Etanol brasileiro é questionado

Também foi apontado pelos EUA que o Brasil teria interrompido, em 2017, o equilíbrio tarifário aplicado ao etanol americano. O governo responde que as tarifas aplicadas de 18%, correspondem aos compromissos assumidos pelo país na OMC.

As investigações da seção 301 apontaram, também, que o Brasil não vêm oferecendo reciprocidade às exportações do etanol norte-americano.

Em resposta, o Mid defende que as alegações de restrição injustificada ao acesso de mercado não estão de acordo com a realidade, nem em normas multilaterais.

“A política brasileira é aplicada de forma não discriminatória, sem direcionamento contra qualquer parceiro comercial”, foi defendido pelo governo.

Medidas insuficientes de combate à corrupção

Os Estados Unidos concluíram que o Brasil não adota medidas suficientes para combater o suborno e a corrupção. A investigação cita a anulação de processos da Operação Lava Jato pelo STF em 2023 e a queda do país no Índice de Percepção da Corrupção da Transparência Internacional.

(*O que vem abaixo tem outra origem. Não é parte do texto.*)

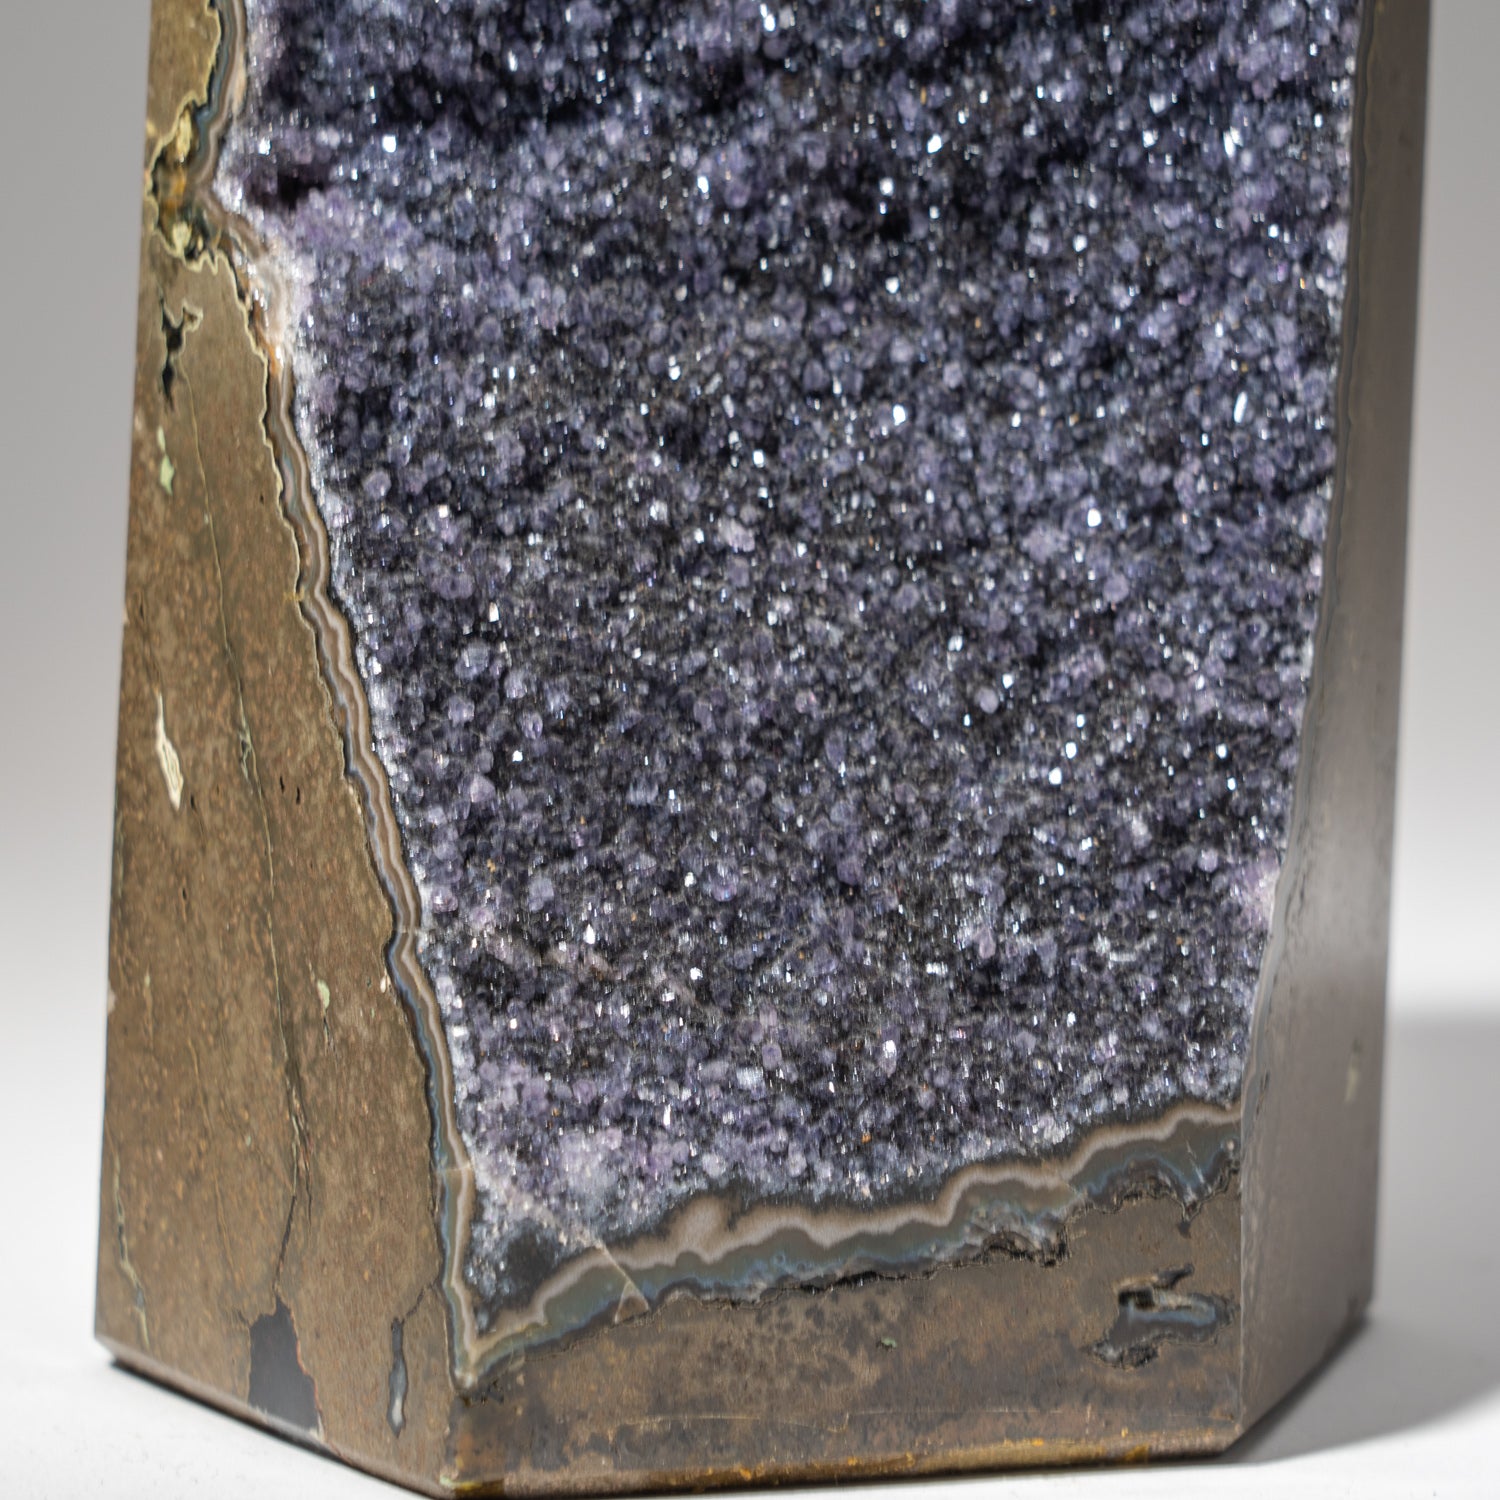 Genuine Polished Amethyst Crystal Geode Point From Brazil (4.5 lbs)

Segundo o governo brasileiro, as alegações dos EUA desconsideram informações anteriormente encaminhadas, “bem como documentos recentes produzidos pelos próprios organismos internacionais referenciados pelo USTR como fundamento de suas conclusões”.

Em relação ao índice de Transparência Internacional, o Mdic destaca que não é organismo oficial reconhecido por vários países, mas, mas assim, a própria organização publicou em fevereiro de 2026 o atual relatório Retrospectiva Brasil, que reconhece avanços relevantes do país no fortalecimento do combate à corrupção, à lavagem de dinheiro e ao crime organizado.

Irregularidades ambientais

O documento que expõe da decisão americana sustenta que o Brasil, apesar de o Brasil possuir marco legal para o combate ao desmatamento, ele falhou historicamente em aplicá-lo de forma eficaz.

Posteriormente, o governo americano também acusou que o país estaria inundando o mercado internacional com madeira de origem ilegal, prejudicando a participação de empresas norte-americanas.

O governo brasileiro argumenta que o país é internacionalmente conhecido pelo compromisso com o combate ao desmatamento ilegal e dispõe de ferramentas para fiscalização e proteção das florestas.

Também foram destacados os esforços recentes para a redução do desmatamento, especialmente na Amazônia, que caiu em 50% desde 2023, quando foram reforçadas as ações de monitoramento por satélite, fiscalização e combate aos crimes ambientais.

Já no âmbito da exportação de madeira, o ministro do Meio Ambiente, João Paulo Capobianco, afirmou que as acusações americanas são inverídicas, já que passa por um dos sistemas mais rigorosos de controle ambiental.

“Não é possível hoje, em nenhum porto brasileiro, exportar madeira sem a verificação e a comprovação da cadeia de custódia. E mais, se uma madeira eventualmente for exportada, ela seria retida no porto de destino, que é obrigado a checar a procedência”, disse o ministro em coletiva nesta quinta (16).

Além disso, o Brasil representa apenas 0,65% de todo o mercado mundial de produtos madeireiros e produz madeira tropical, espécie diferente da originária das florestas temperadas da América do Norte. Portanto, não estaria prejudicando as exportações americanas.